By Tom Morrison posted 02-10-2016 11:36 AM

  

There is a huge amount of focus on hiring the right people in most organizations, but an area that is just as important, yet often gets little attention, is promoting from within. Time and time, again leaders who may be great at hiring, marginalize their leadership by promoting the wrong people. In fact, promoting the wrong person can result in even worse repercussions than hiring the wrong person. The main reason?

Its effect on the team

Hiring the wrong person generally impacts a small part of the organization. You also have ways of recovering from it through extra training, flexibility in duties, or just hiring someone else if it comes to that. When you promote the wrong person into a leadership role, it has a far wider effect on the organization and can have disastrous effects. Nowhere is that more apparent than the effects it has on your team:

Insulting – Your best people generally want to move forward in their careers. They want the recognition, the development, and the money that goes along with it. They have a lot invested in seeing that promotion from a practical and emotional perspective. When you promote an inferior candidate over them, that emotion can easily take over and result in them being insulted. The feeling is that you do not recognize, appreciate, or care about their efforts.
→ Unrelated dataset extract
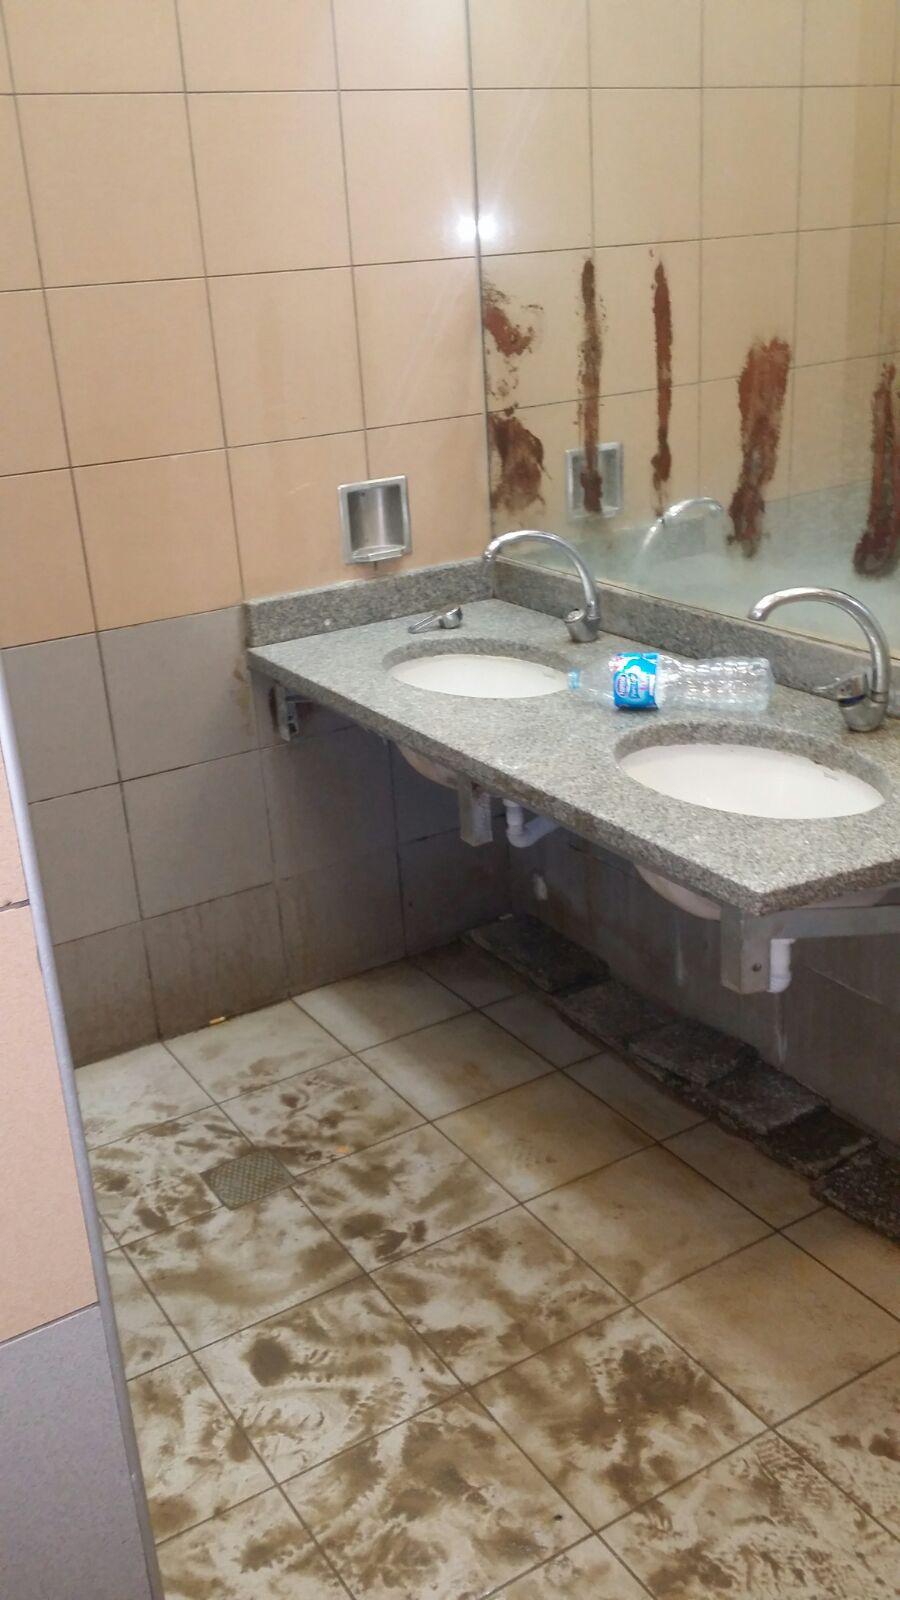 بالصور والفيديو.. راكب يرصد إهمال دورات مياه في مطار برج العرب

Lack of Trust – If they feel that you have made the wrong decision on something as important as selecting leaders, then how many other poor decisions have you made? This may put the first crack in the foundation of trust, and as they take a closer look at past and present decisions from the emotional standpoint noted above, more cracks are likely to be created (rightly or wrongly).

Productivity – With the demoralizing feeling of being insulted and the creation of a lack of trust, it opens the door to sometimes dramatic productivity decreases. If they feel that their hard-work isn’t being recognized or rewarded, then they may wonder why they should bother to put forth the effort. Couple this with the fact that you now have an inferior leader in your department, and you have the worst of both situations: a poor coach and poor players.

Turnover – The final, and costliest result of poor promoting, is when team members decide to leave because they feel they have better prospects elsewhere, or they have lost faith in your leadership. This costs you in losing their expertise, shaking up the team dynamic, the time and money to hire a new person, and the time and effort to train the new person.

The first key to stopping this, is of course, to promote the right people. Focusing on getting a clear understanding of the role you are promoting into, the skills required to be successful, and not bowing to outside pressure from people who aren’t as informed as you. The second, and most important thing, is to talk it through with each of the candidates who did not get the promotion. You may be lucky enough to have several great team members who would do well in the role, but you could only choose one. It’s important that they know what went into your decision and where they need to improve so that they get the next promotion. You don’t need to justify your decision; you simply want to be transparent with them so that they don’t mistakenly go down the road noted above.

So take your promotions just as seriously, if not more seriously, than your hiring decisions. Their impact on your existing operation can be immense.